Por esta razón debió frecuentar la compañía de quienes le constaba que necesitaban de su ayuda y
buscaban un remedio de salvación. Es como si hubiera querido replicar a los murmuradores: ¿A qué
os indignáis conmigo porque hablo con un pecador, porque adelantándome a su invitación me invito
yo a su casa? Si he venido al mundo ha sido por gente de esta clase, no para que continúen siendo
pecadores, sino para que se conviertan y tengan vida en mí. No me fijo en lo que el pecador ha
hecho hasta el presente, sino que sopeso lo que va a hacer en el futuro. Le ofrezco mi gracia y mi
amistad, que os la ofrezco igualmente a todos vosotros, si es que la queréis. Si éste la acepta, si
viene a mí, si de pecador se convierte en justo, ¿por qué me calumniáis a mí por haberme hospedado
en casa de un pecador, desde el momento en que juzgáis equivocadamente a un pecador, que se
ha convertido en amigo de Dios? También él es hijo de Abrahán, no nacido de su sangre, sino por
ser imitador de la fe y de la devoción de Abrahán.

Que nuestro Señor Jesucristo nos conceda la gracia de conocerle, amarlo y confiar en él; de modo
que nada nos agrade, nada nos atraiga sino lo que a la divina voluntad le es grato y no sea contrario
a nuestra salvación. ¡Bendito él por siempre! Amén.

SEGUNDA LECTURA
Orígenes, Homilía 22 sobre el Evangelio de san Lucas (7-10: SC 87. 306-308)
Producid el fruto que la conversión pide

Sobre nuestro siglo pende la amenaza de una gran ira: todo el mundo deberá sufrir la ira de Dios. La
ira de Dios provocará la subversión de la inmensidad del cielo, de la extensión de la tierra, de las
constelaciones estelares, del resplandor del sol y de la nocturna serenidad de la luna. Y todo esto
sucederá por culpa de los pecados de los hombres. En todo tiempo, es verdad, la cólera de Dios se
desencadenó únicamente sobre la tierra, porque todos los vivientes de la tierra se habían
corrompido en su proceder; ahora, en cambio, la ira de Dios va a descargar sobre el cielo y la tierra:
los cielos perecerán, tú permaneces –se dirige a Dios–, se gastarán como la ropa. Considerad la
calidad y la extensión de la ira que va a consumir el mundo entero y a castigar a cuantos son dignos
de castigo: no le va a faltar materia en que ejercerse. Cada uno de nosotros suministramos con
nuestra conducta materia a la ira. Dice, en efecto, san Pablo a los Romanos: Con la dureza de tu
corazón impenitente te estás almacenando castigos para el día del castigo, cuando se revelará el
justo juicio de Dios

¿Quién os ha enseñado a escapar del castigo inminente? Producid el fruto que la conversión pide.
También a vosotros que os acercáis a recibir el bautismo, se os dice: producid el fruto que la
conversión pide. ¿Queréis saber cuáles son los frutos que la conversión pide? El amor es fruto del
Espíritu, la alegría es fruto del Espíritu, la paz, la comprensión, la servicialidad, la bondad, la lealtad
la amabilidad, el dominio de sí y otras cualidades por el estilo. Si poseyéramos todas esas virtudes,
habríamos producido los frutos que la conversión pide.

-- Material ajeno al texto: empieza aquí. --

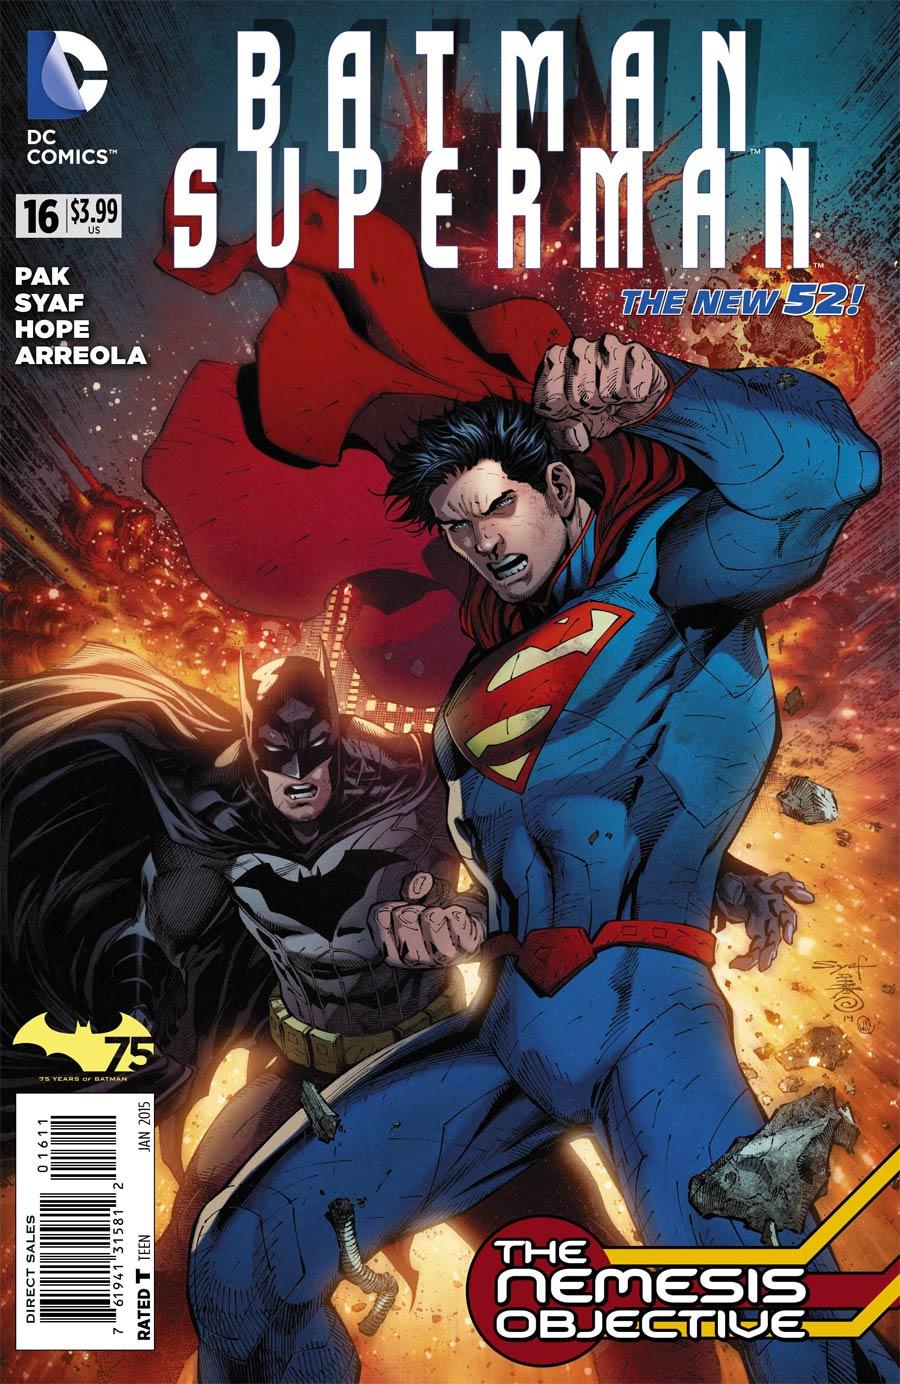 Batman Superman #16 Cover A Regular Ardian Syaf Cover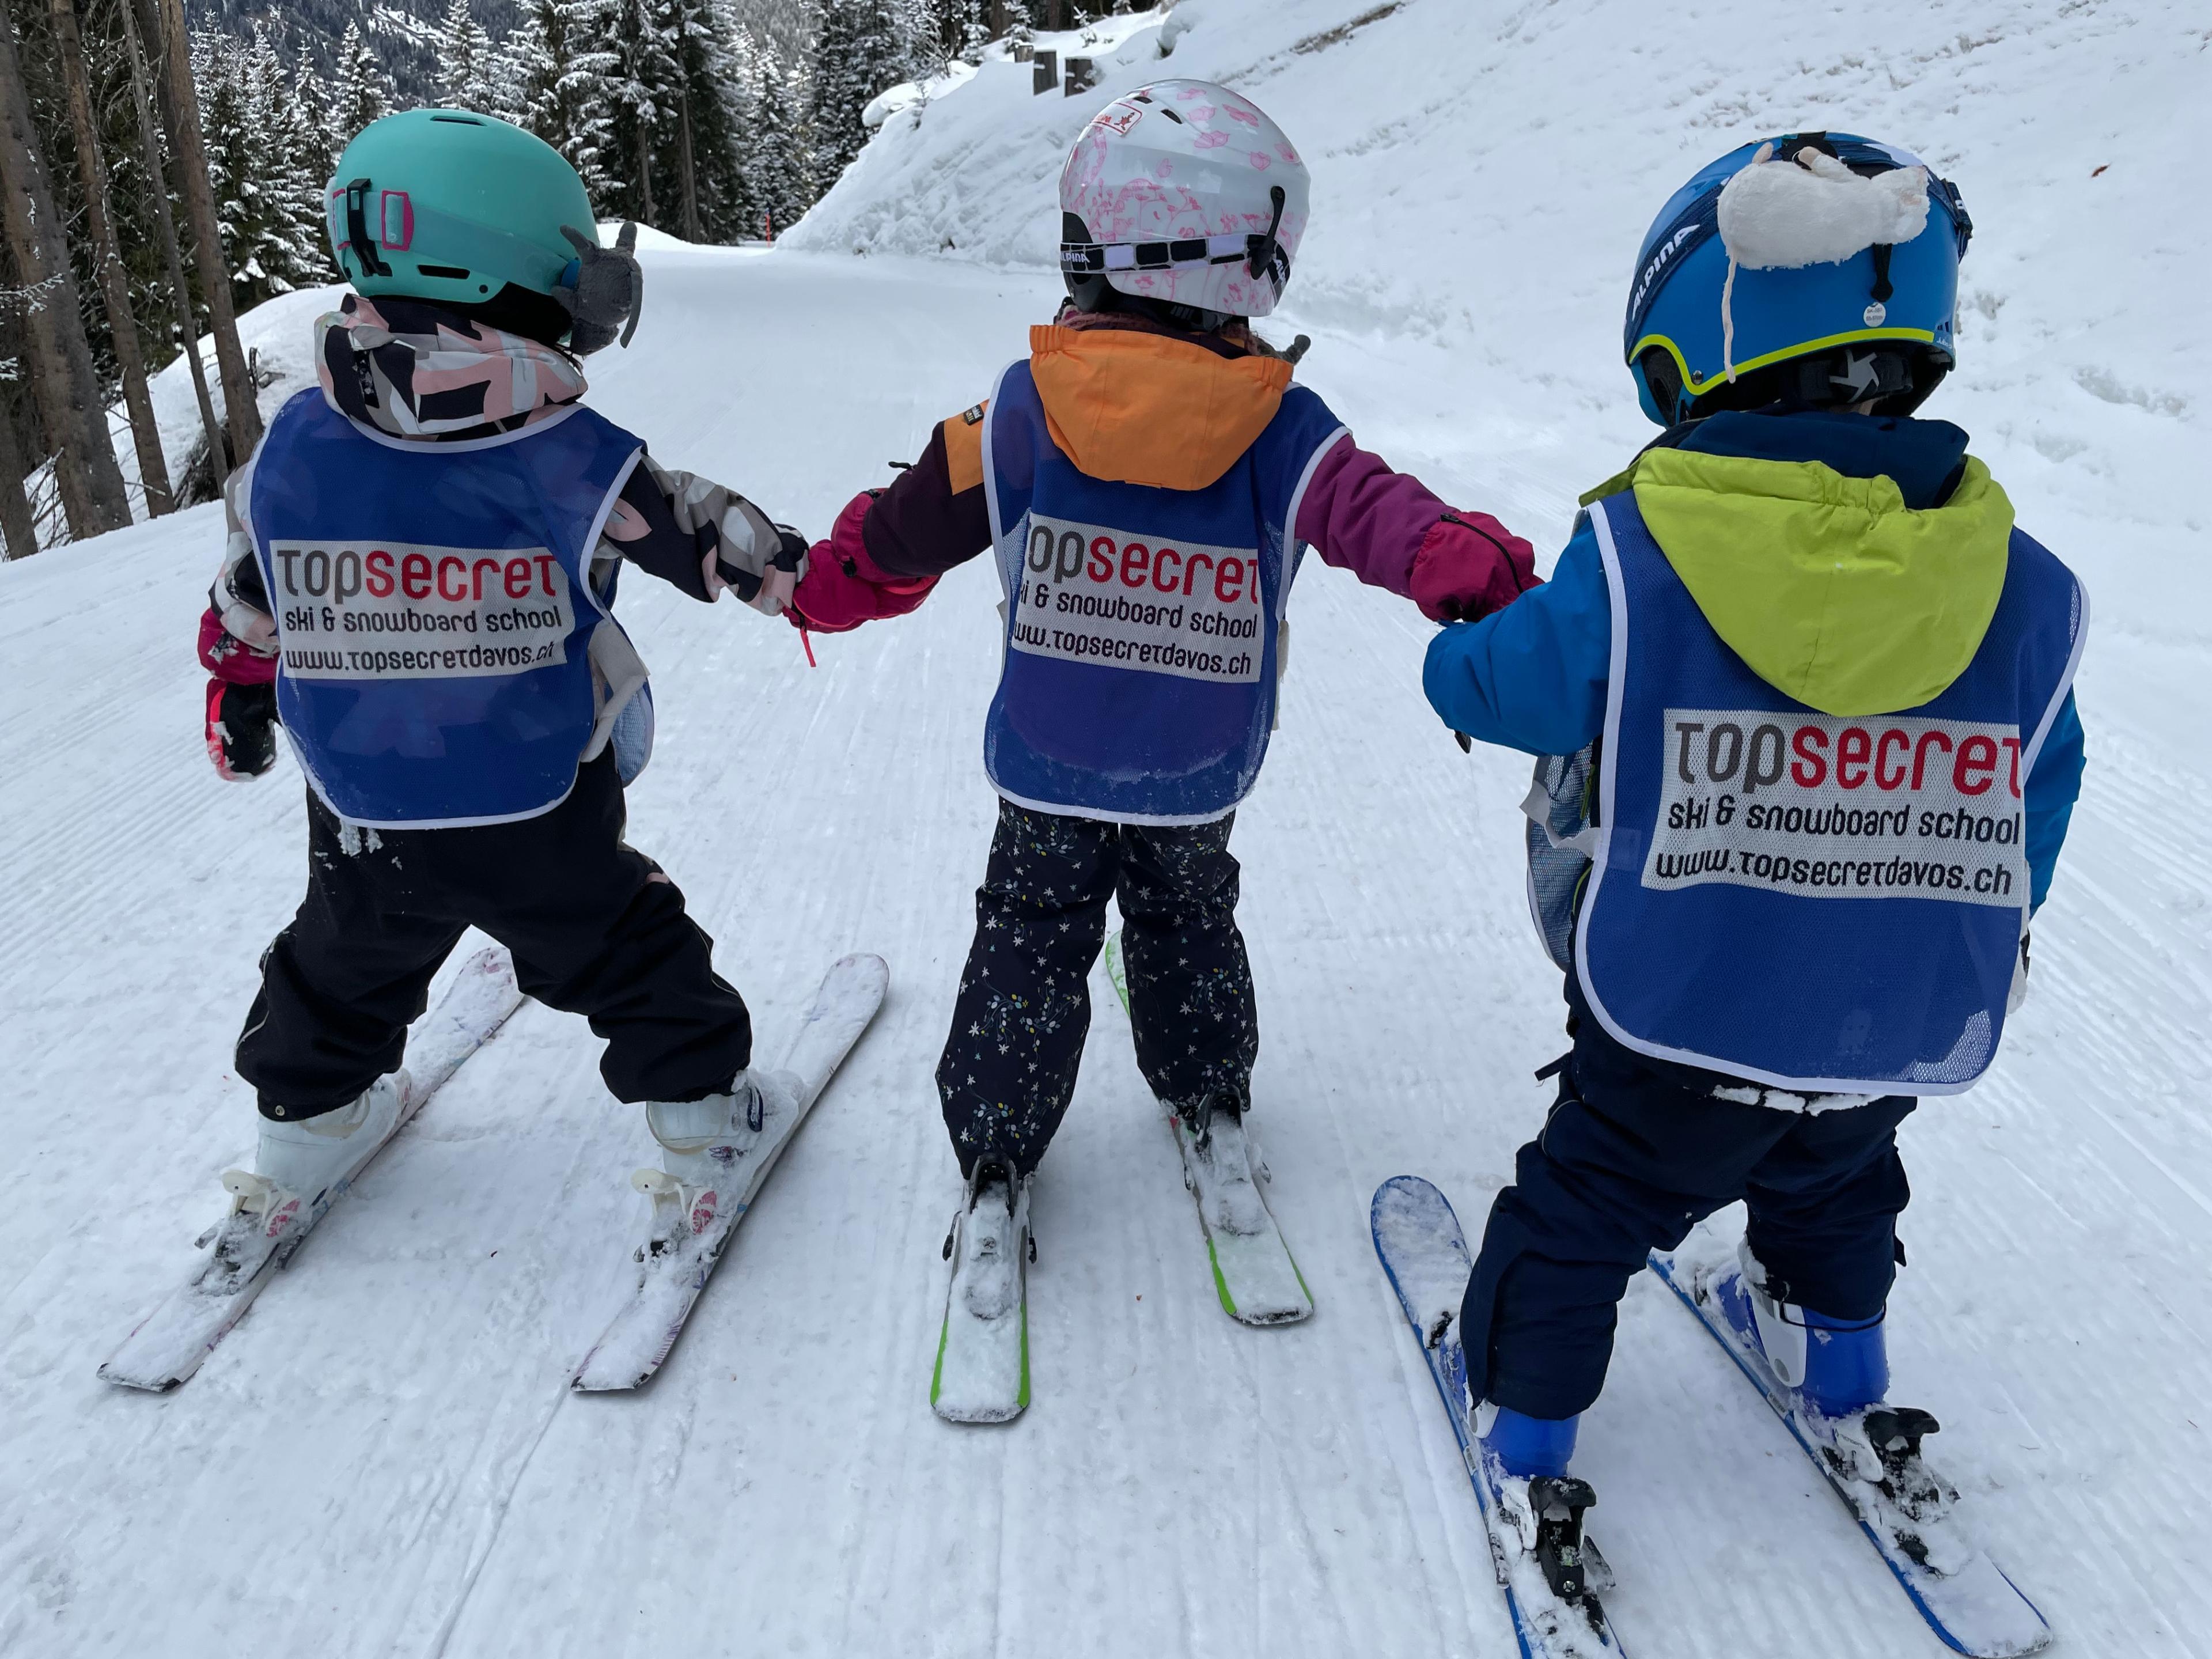 Kids Ski Lessons (4-17 y.) for Advanced Skiers

Y no os hagáis ilusiones pensando: «Abrahán es nuestro padre»; porque os digo que de estas piedras
Dios es capaz de sacar hijos de Abrahán. Juan, el último de los profetas, profetiza aquí el rechazo
del primer pueblo y la vocación de los paganos. A los judíos, que estaban orgullosos de Abrahán, les
dice en efecto: Y no os hagáis ilusiones pensando: «Abrahán es nuestro padre»; y refiriéndose a los
paganos, añade: Porque os digo que de estas piedras Dios es capaz de sacar hijos de Abrahán. ¿De
qué piedras se trata? No apuntaba ciertamente a piedras inanimadas y materiales: se refería más
bien a los hombres insensibles y antaño obstinados que por haber adorado ídolos de piedra y de
madera, se cumplió en ellos aquello que de los tales se canta en el salmo: Que sean igual los que los
hacen, cuantos confían en ellos.
Realmente los que hacen y confían en los ídolos pueden parangonarse con sus dioses: insensibles e
irracionales, se han convertido en piedras y leños. No obstante ver en la creación un orden, una
armonía y una disciplina admirables; a pesar de ver la sorprendente belleza del cosmos, se niegan a
reconocer al Creador a partir de la criatura; no quieren admitir que una organización tan perfecta
postula una Providencia que la dirija: son ciegos y sólo ven el mundo con los ojos con que lo
contemplan los jumentos y las bestias irracionales. No admiten la presencia de una razón, en un
modo manifiestamente regido por la razón.

Pablo VI, Constitución apostólica «Paenitemini» (AAS t. 58, 1966, pp. 179-180)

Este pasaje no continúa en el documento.